Cinder righted herself and rounded on him with a snarl, conjuring fire in her hand, only to receive a fist to the face that sent her flying, careening into one of the few stone pillars still standing atop the tower. The impact again knocked the wind out of her and left her collapsed at the pillar's base; she looked up and only narrowly managed to roll underneath the Interloper as he leapt at her, burying his blade to the hilt where she'd been moments earlier. She dodged back toward the center of the space and stopped, regarding him warily as he remained crouched at the pillar's base, sword still embedded in the stone.

How… ?

Something was different. He was different. He'd fallen, she'd seen it, and yet…

The Interloper stood, his back to her. He then freed his blade, not by drawing it from its recess but rather tearing it sideways out of the pillar, which gave and crumbled before him with a great grinding crash.

Cinder's hand returned to her chest, a vain attempt to quiet the persistent tremor within as she tried to make sense of what she was seeing, of the seemingly rejuvenated Huntsman that challenged her anew. She'd bested him as utterly as the others, his physical and tactical prowess ultimately falling short in the face of the Maiden's power. His Aura had died as he fell – she'd seen that as well, with her own two eyes – which meant a fall from atop Beacon Tower, even if he'd managed to catch himself on one of the structure's lower spires, should've been fatal.

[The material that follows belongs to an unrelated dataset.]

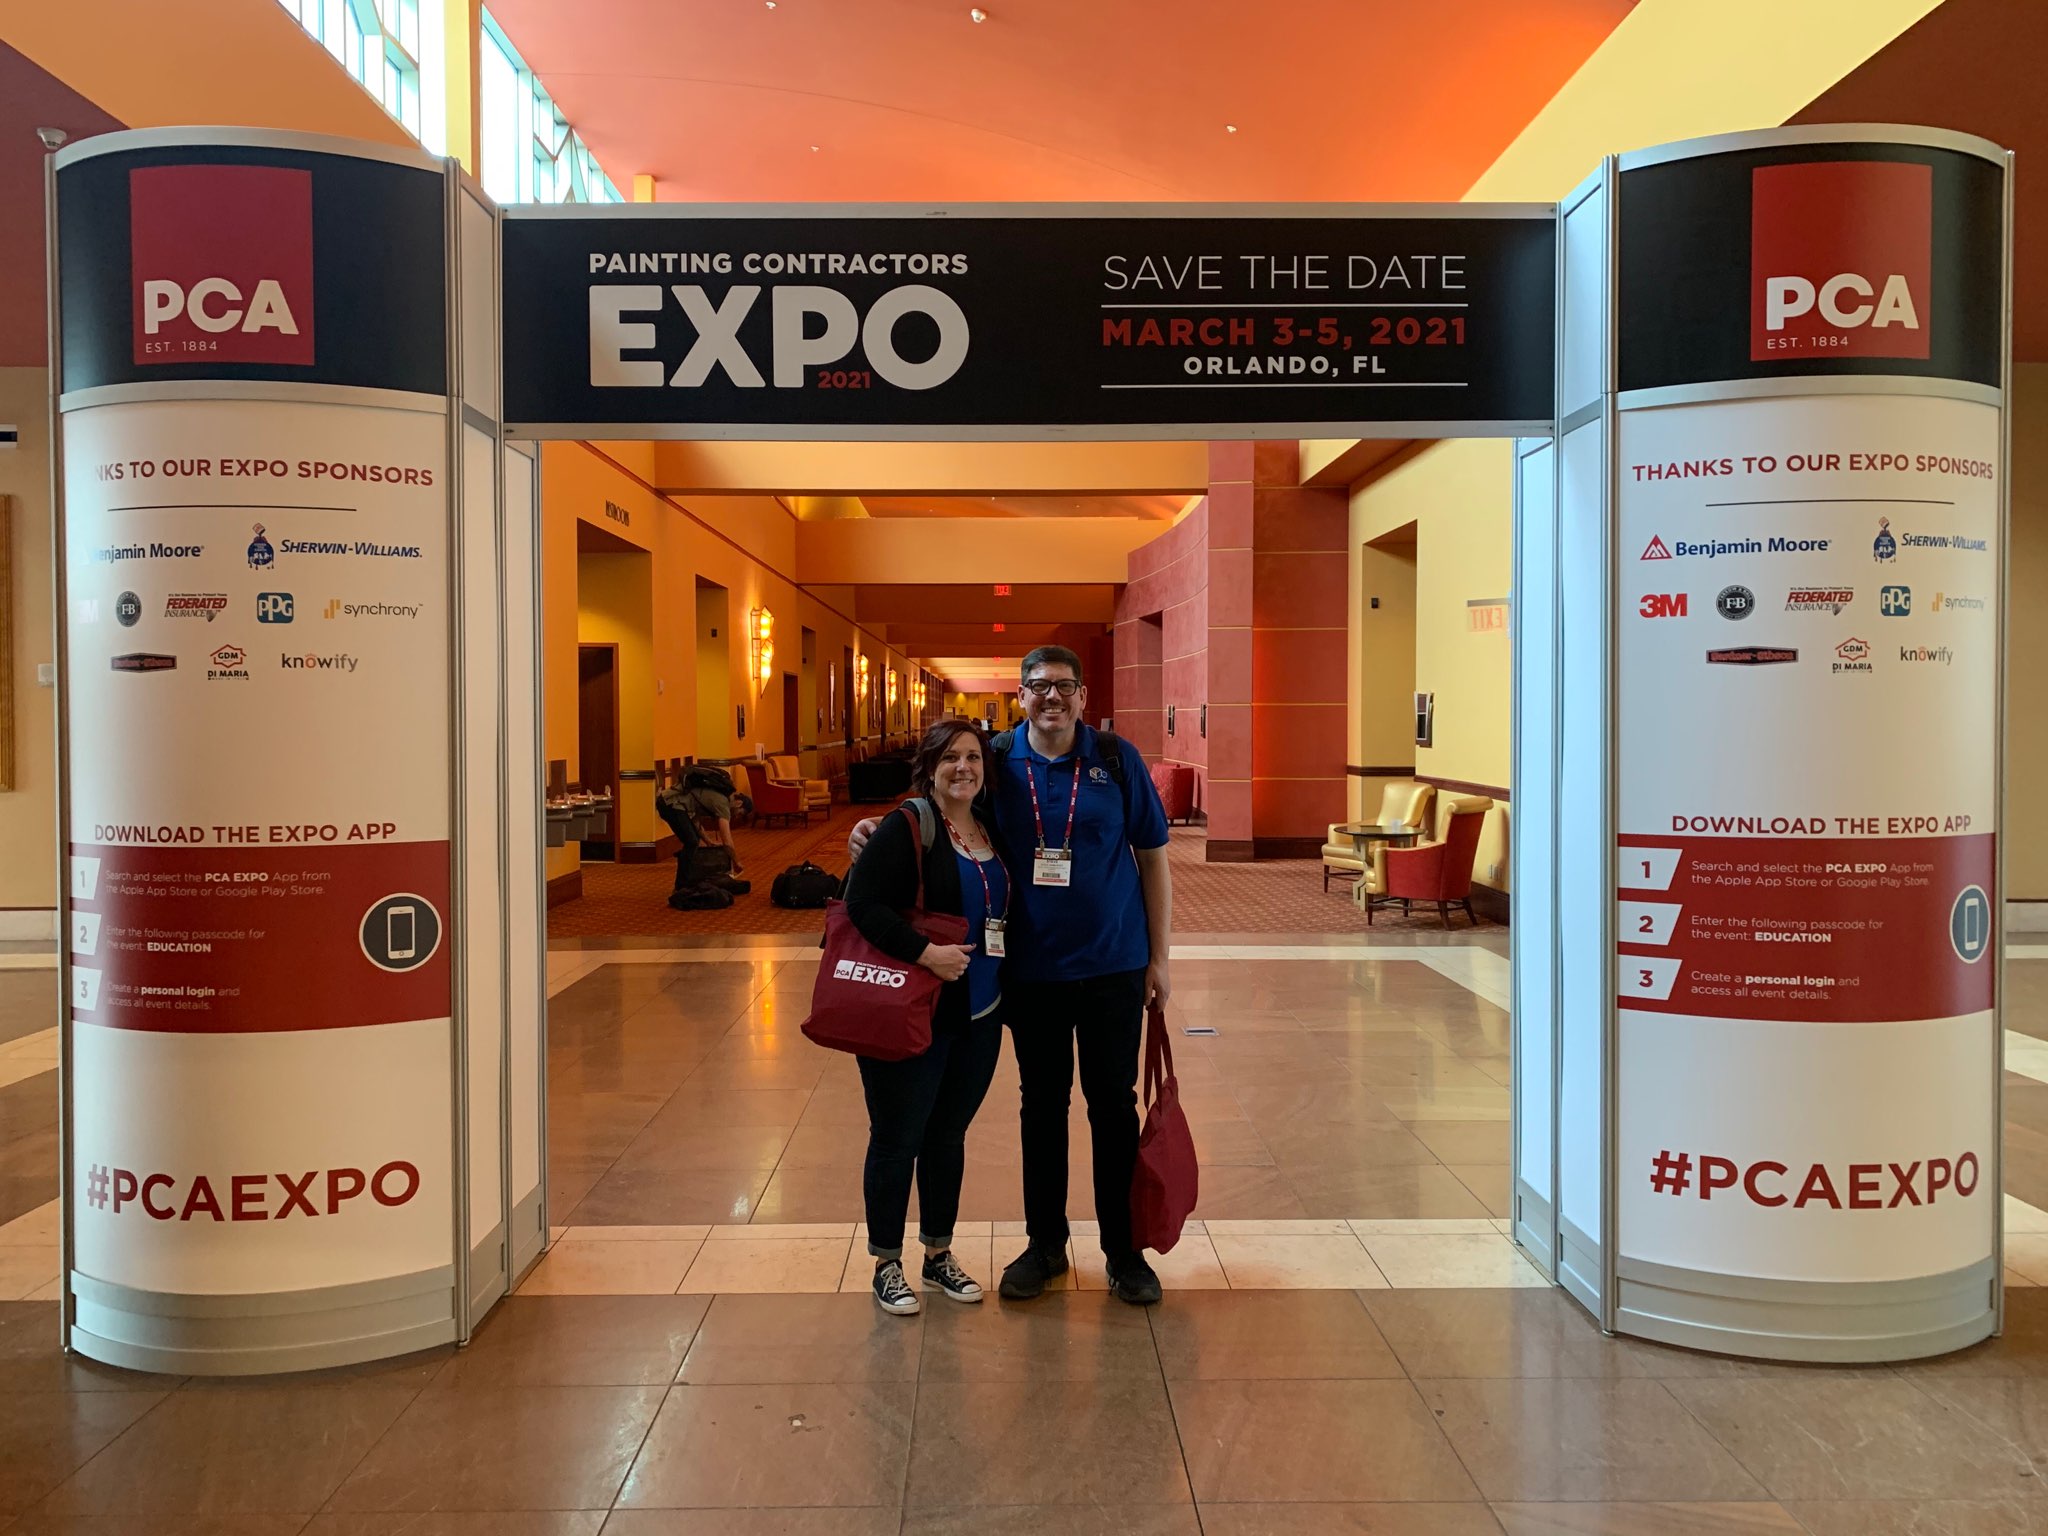 NAPCO Attends Painting Contractors Association (PCA) Expo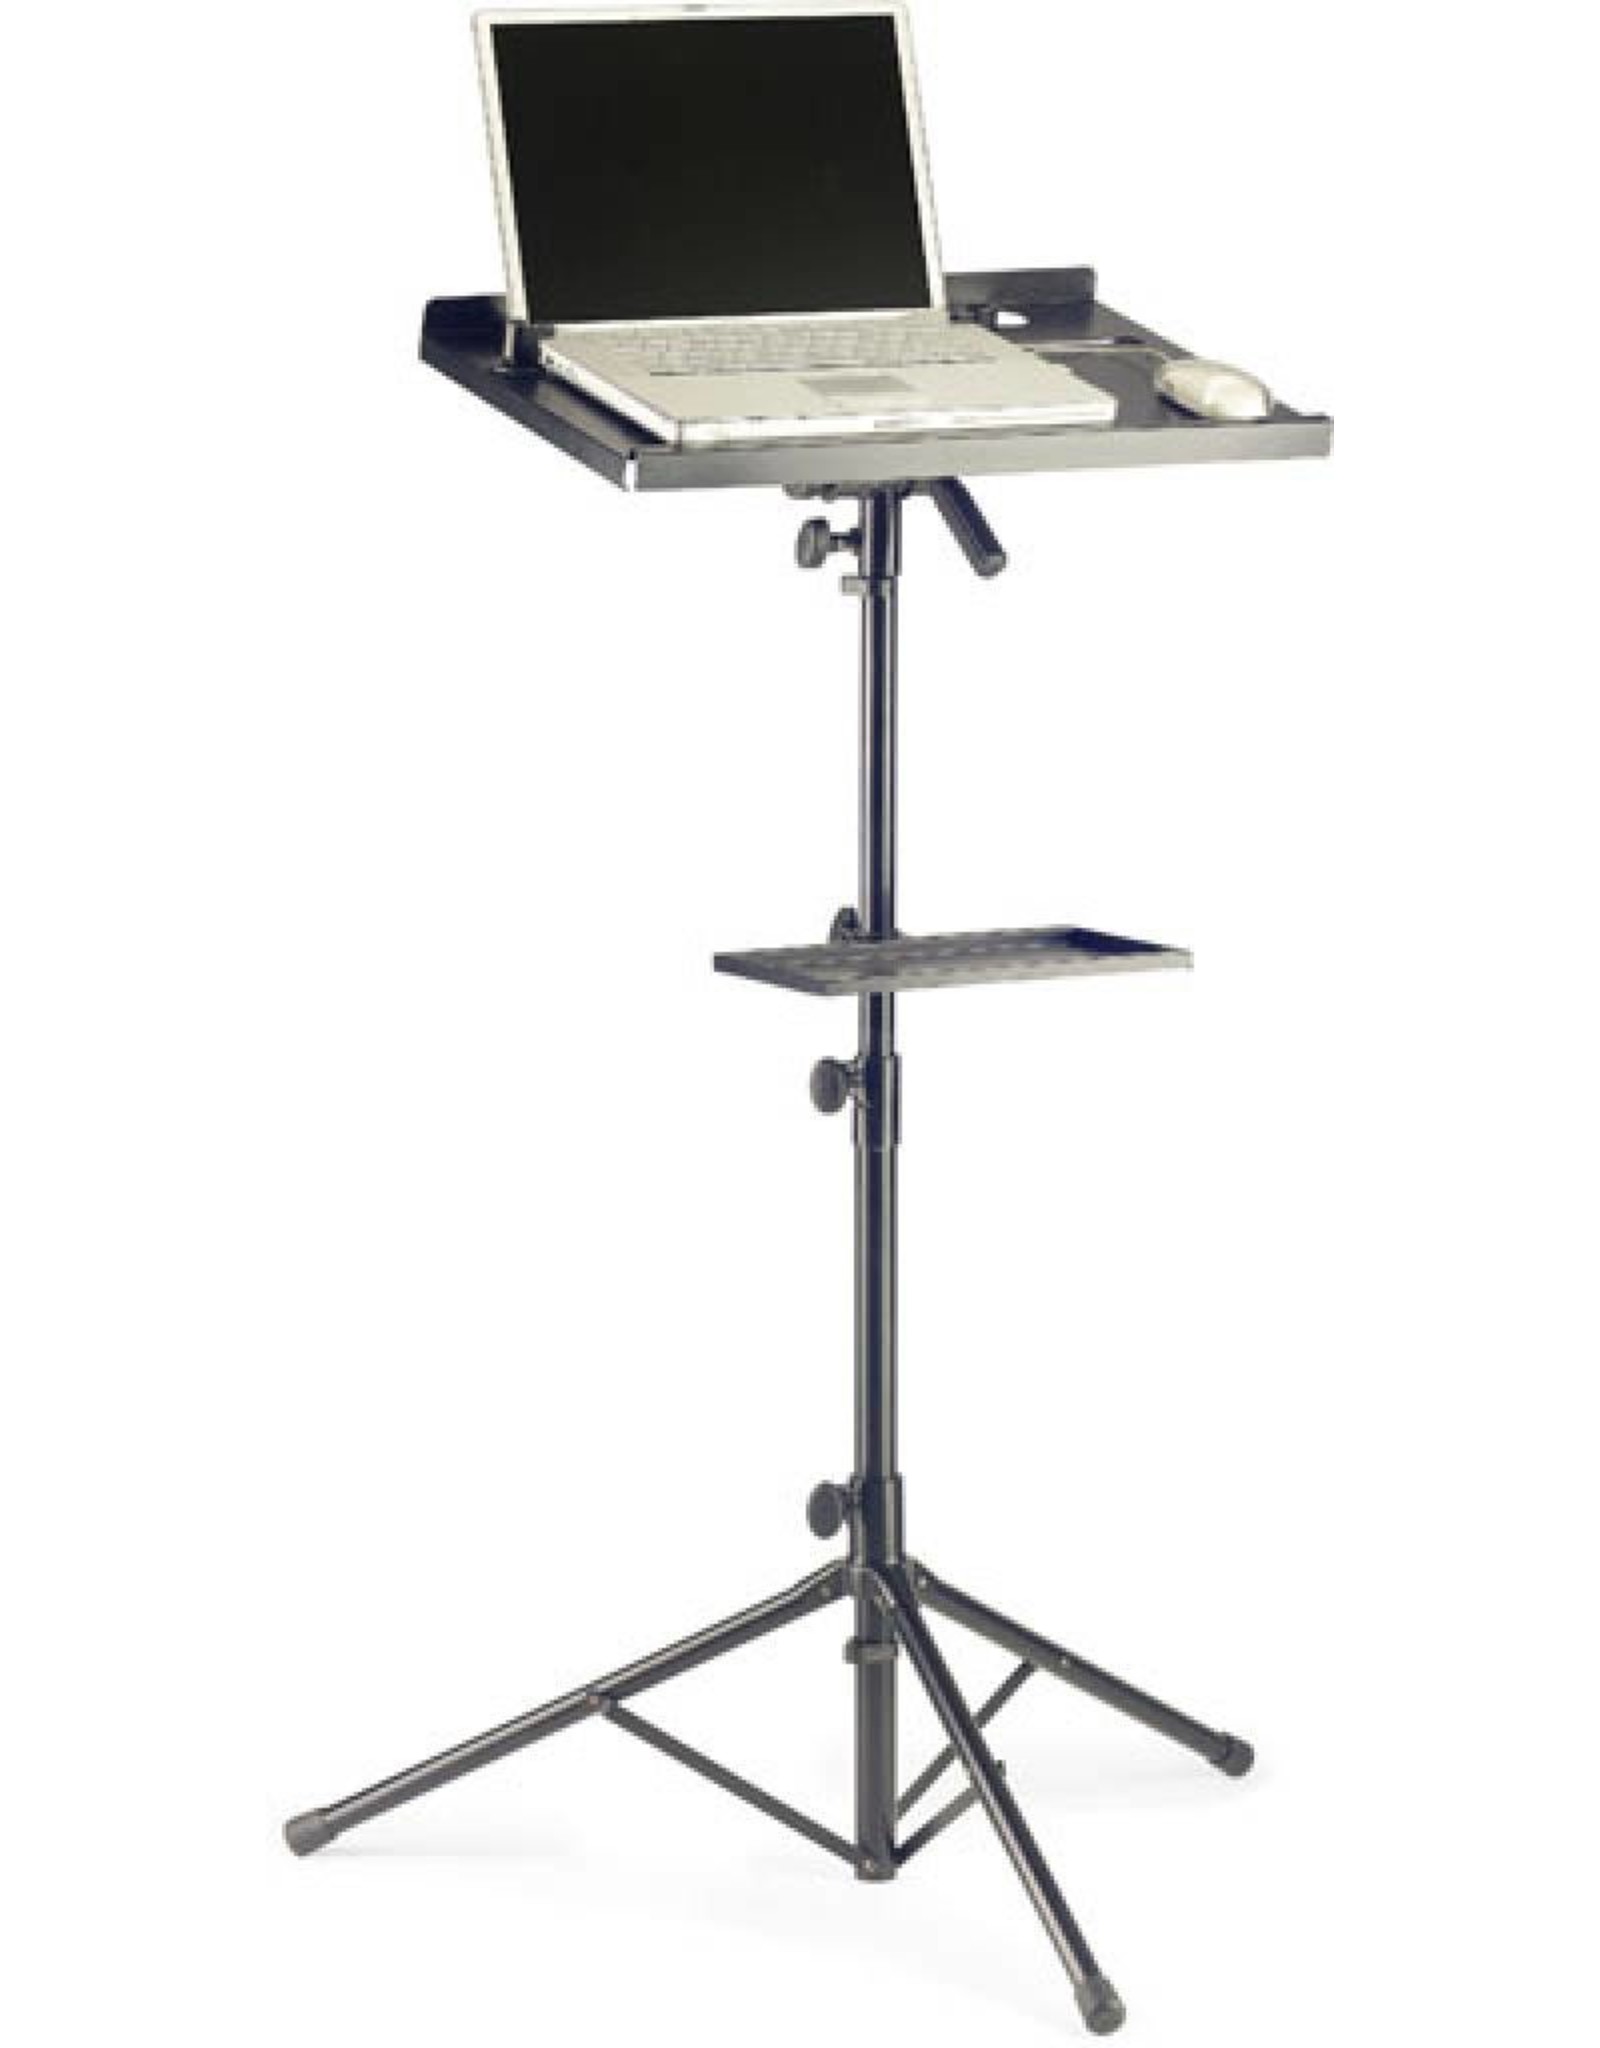 Stagg  COS10BK laptop stand with additional leaf

Yet here he stood, not only unharmed from such a fall but faster and stronger – more so than even a Semblance should've allowed – for having suffered it.

But it was more than that.

The Maiden's power was a multifaceted boon: aside from the raw, monolithic strength of it, Cinder found its totality had imbued her with a slew of other, more esoteric gifts as well. Among these was the ability to, as far as she could tell, sense Aura in a manner beyond physical sight. She was at a loss for how to further describe it, beyond a faint rippling at the very edges of her perception that seemed to center on those who possessed Aura – Ozpin, Pyrrha Nikos, and now this Interloper – and vanished in perfect sync with its dying flicker.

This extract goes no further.